また、初めて与える果物をいきなりたくさん与えるのも避けるべきです。アレルギー反応が起きたり、体質に合わなかったりすることがあるため、初めて与える果物は、少量にとどめましょう。嘔吐や下痢、皮膚の痒みなどの異常が見られなければ、次回から少しずつ量を増やしていきます。

なお、一般的に犬に与えてもいいとされている果物であっても、持病がある犬には与えないほうがいい場合があります。与える前に、獣医師に相談しましょう。

3.大きなまま与える

犬に果物を丸ごと与えたり、大きな塊で与えたりするのは、非常に危険です。犬は食べ物を飲み込める大きさであれば、丸呑みしてしまうことがあります。そうすると、喉に詰まって窒息するおそれがあります。

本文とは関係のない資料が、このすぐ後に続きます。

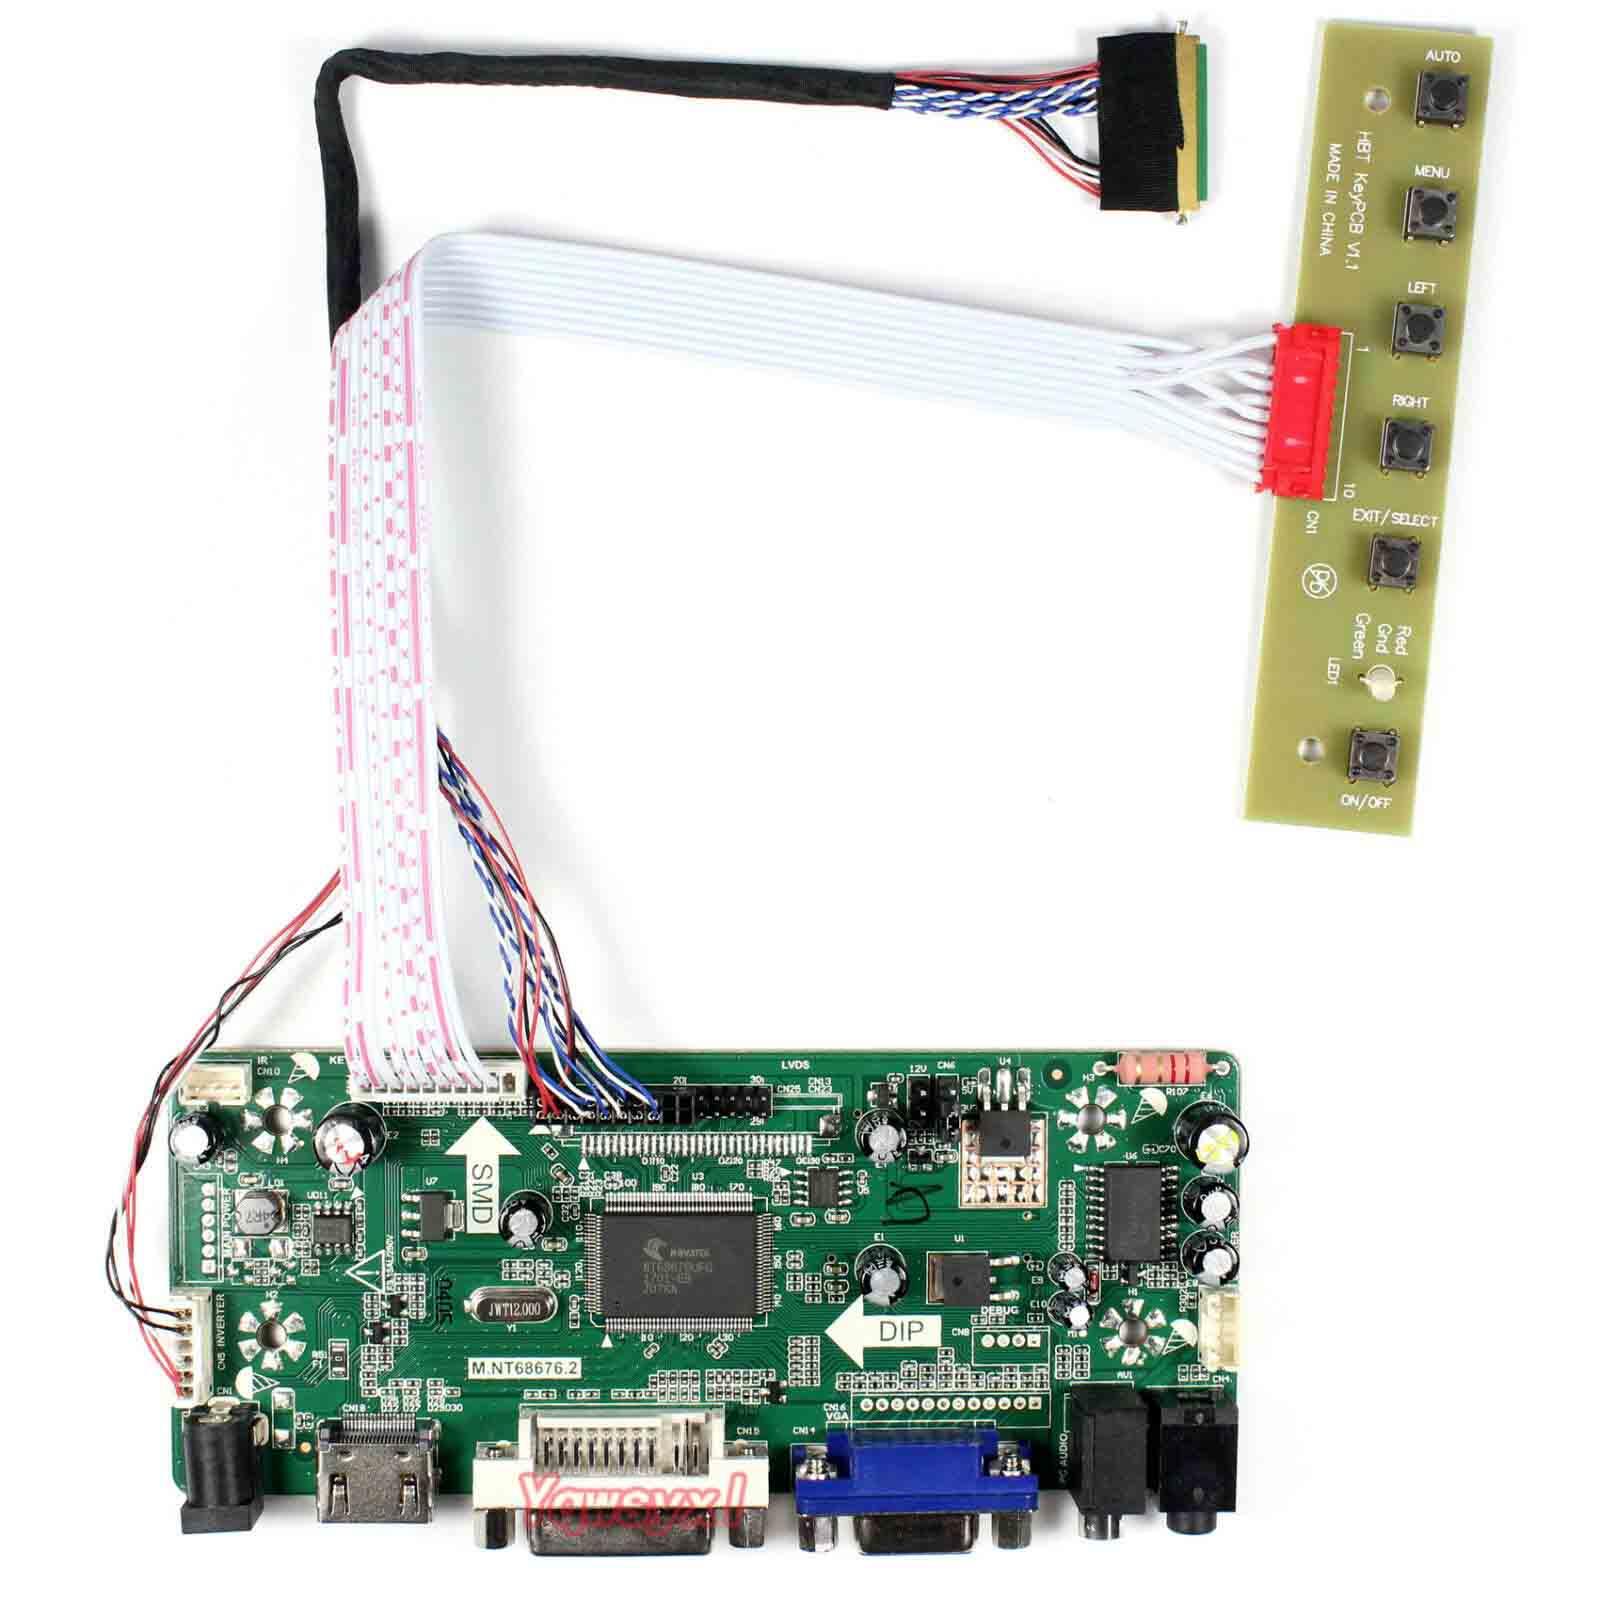 Yqwsyxl Control Board Monitor Kit For LP156WHB-TLC1  LP156WHB-TLC2  HDMI+DVI+VGA LCD LED Screen Controller Board Driver

どんなに果肉が柔らかくても、必ず小さくカットしてから与えるようにしましょう。細かくカットすることで、消化もしやすくなります。

まとめ

テーブルのいちごを見つめる子犬

春に旬を迎える果物の中には、いちご、メロン、キウイ、びわ、マンゴーなど、犬に食べさせてもいいものがあります。しかし、これらの果物を犬に与える際には、種や芯、皮を取り除かずに与えたり、大量に与えたり、大きなまま与えたりしないように注意しましょう。この記事を参考に、春が旬の果物を愛犬と一緒に楽しんでみてはいかがでしょうか。